Depending on the model of the unit and its power efficiency, a 5-ton (60,000 BTU) air conditioner or heat pump will typically use between 5000 and 7000 Watts of power. However, this range only represents the “Running” Wattage of these units, or in other words, the amount of power that they use during normal operation.
During the startup phase, a 5-ton air conditioner could demand as much as 35,000 Watts (35 kW).
Let me explain.
The core component of a heat pump is its compressor—a motor that rotates and compresses the refrigerant, facilitating heat exchange.
Like any motor, the compressor needs an initial boost, or push, to initiate its operation. This push comes in the form of an instantaneous “inrush,” “surge,” or peak in current consumption (measured in Amps).
The inrush current required by the compressor when starting is significantly higher than the current needed during normal operation. Since power (Watts) results from the multiplication of current (Amps) and voltage (Volts), this surge in current during startup also reflects on the heat pump’s power usage:
Starting Wattage (Watts) = Starting Current (Amps) x Voltage (Volts)
In order for the generator to be able to run the heat pump, it should also be able to start it. Consequently, the wattage of the generator should be greater than the starting wattage of the unit.
So, how to determine the starting wattage of your 5-ton unit?
Now, several factors might influence how high of a starting current your 5-ton heat pump requires to initiate its operation.
However, using the highest possible current the unit might draw—referred to as Locked Rotor Amps (LRA)—we can calculate the maximum starting wattage for the unit. Sizing the generator based on this value guarantees the generator’s ability to consistently kick-start the AC/heat pump.
Locked Rotor Amps (LRA) is one of the electrical specifications of your unit’s compressor. It signifies the peak current the compressor could need if, for any reason, it encounters difficulty during startup due to a “locked” rotor.
As previously mentioned, the LRA rating of the compressor helps determine the “potential” starting wattage of the air conditioner:
Potential Starting Wattage (Watts) = LRA (Amps) x Voltage (Volts)
For example, let’s take a look at the specifications on this nameplate of a 5-ton (60,000) heat pump:
On the compressor section of the nameplate, the manufacturer provides the following details:
- 208/230 Volts AC: This means the compressor is compatible with both 208 Volts and 230 Volts. Since most residential air conditioners and heat pumps run on a split-phase circuit, they usually run on 230 Volts.
- 144.2 LRA: As discussed earlier, this rating signifies that if the compressor’s rotor becomes “locked,” it could need up to 144.2 Amps to “unlock” and initiate the compressor.
With these 2 specifications, the potential starting wattage of the unit can be calculated as follows:
Potential Starting Wattage (Watts) = LRA (Amps) x Voltage (Volts)
Potential Starting Wattage (Watts) = 144.2 Amps x 230 Volts
Potential Starting Wattage (Watts) = 33166 Watts
Potential Starting Wattage (kiloWatts) = 33.16 kW
Now, it is important to emphasize that the starting wattage of these units should not normally reach this level, and should only be around 12 to 15 kW.
However, as indicated by the manufacturer, the starting watts of this unit could “potentially” reach 33 kiloWatts.
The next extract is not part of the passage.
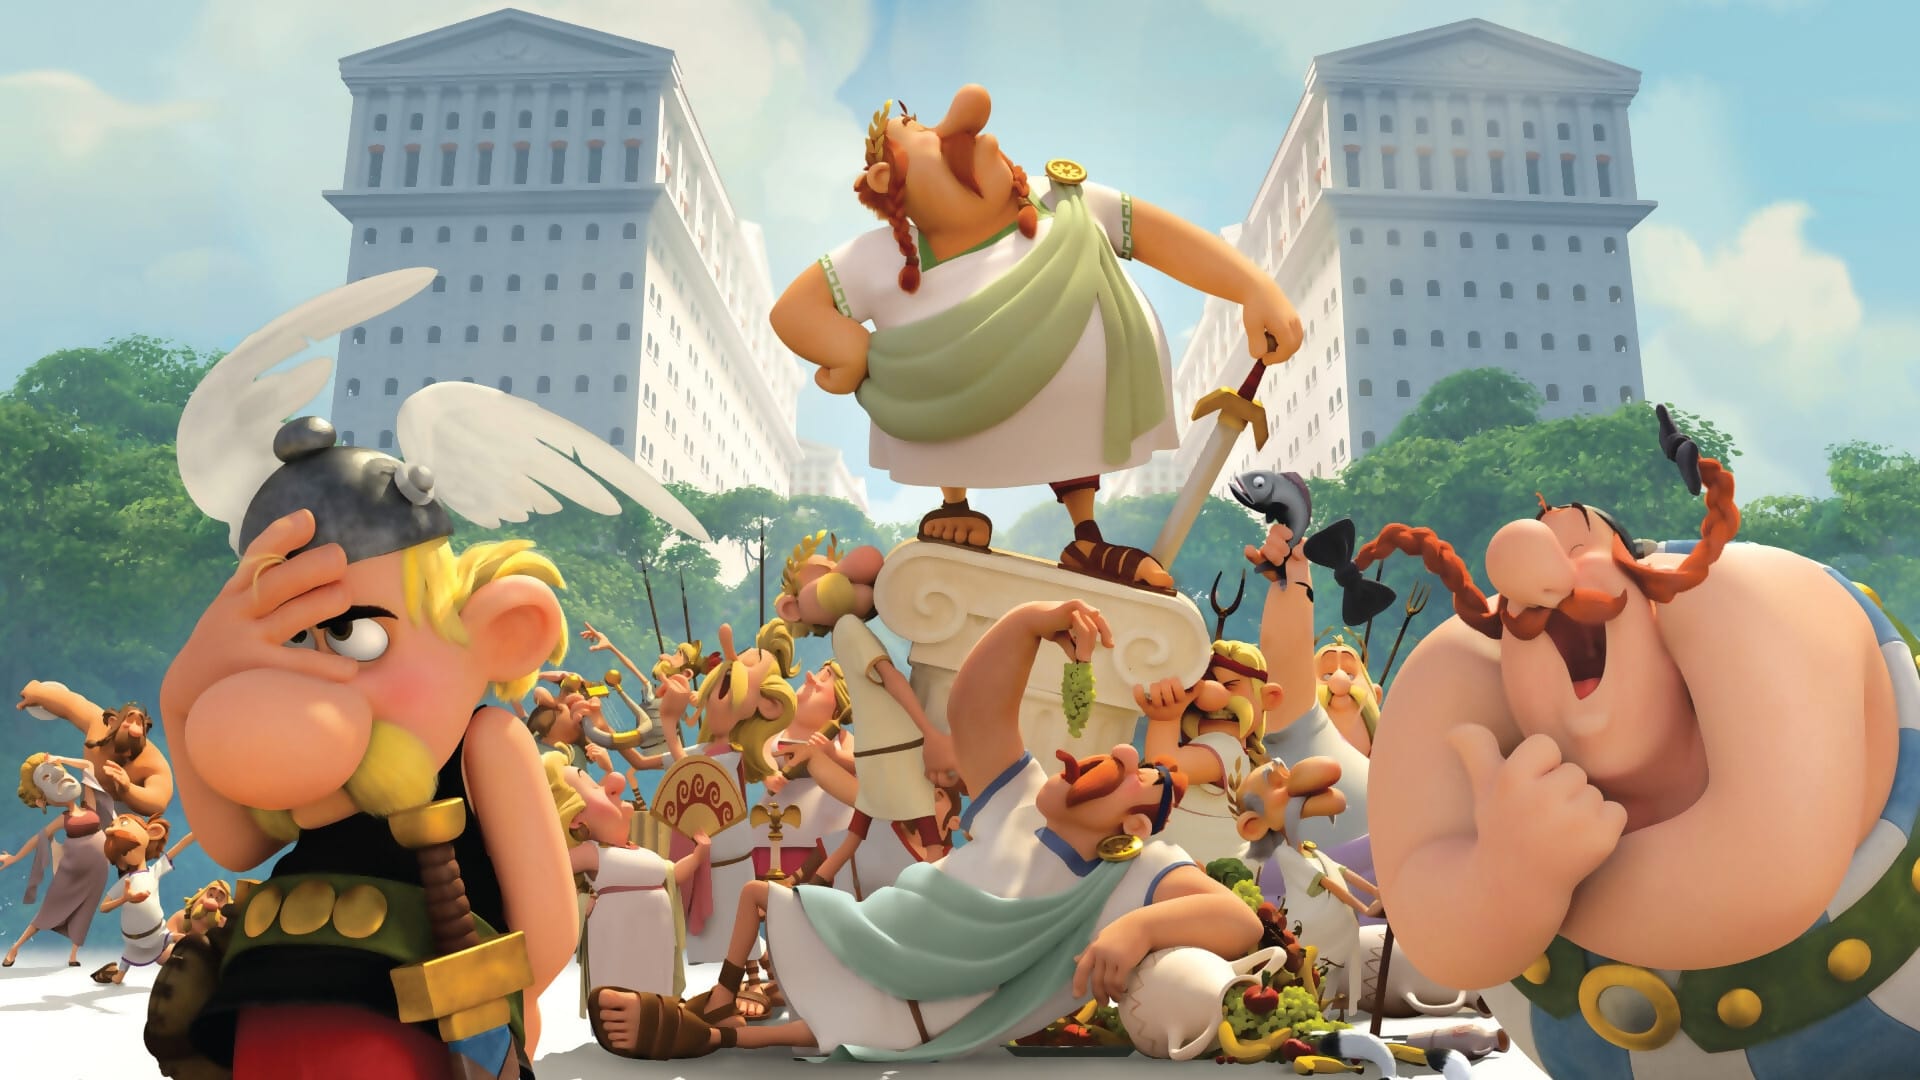 Asterix e il regno degli Dei (2014)

Other 5-ton units have an even greater “potential” starting wattage. If the generator is not sized accordingly, it could fail to start the heat pump.
So, does that mean that you would need a 33kW+ generator to start and run the AC?
Well, opting for a generator of that size would not be optimal, because the heat pump would really only require around 5.5 kW of power to run. So, even with other appliances running simultaneously, the generator would still operate at less than 25%, except for those brief instances where it has to start up the heat pump.
This would lead to excessive fuel consumption and unnecessary expenses, considering you’d be paying for an extra 20 to 25 kiloWatts of generator capacity that you don’t really need.
So, what’s the alternative?
A solution to this conundrum would be to use a soft starter kit.
See, a device such as the EasyStart Micro-Air 368 could be installed on your 5-ton unit to limit the starting wattage of the compressor. In fact, this particular device is capable of reducing the potential starting wattage of the unit by up to 75%.
This means that the size of the generator that you need to run the 5-ton unit could also be reduced by up to 75%.
Using a 10 – 15 kW generator instead of a 30+ kW generator would not only reduce the cost of the generator, and make portability an option, but would also improve fuel efficiency, which would in turn reduce fuel costs in the long run.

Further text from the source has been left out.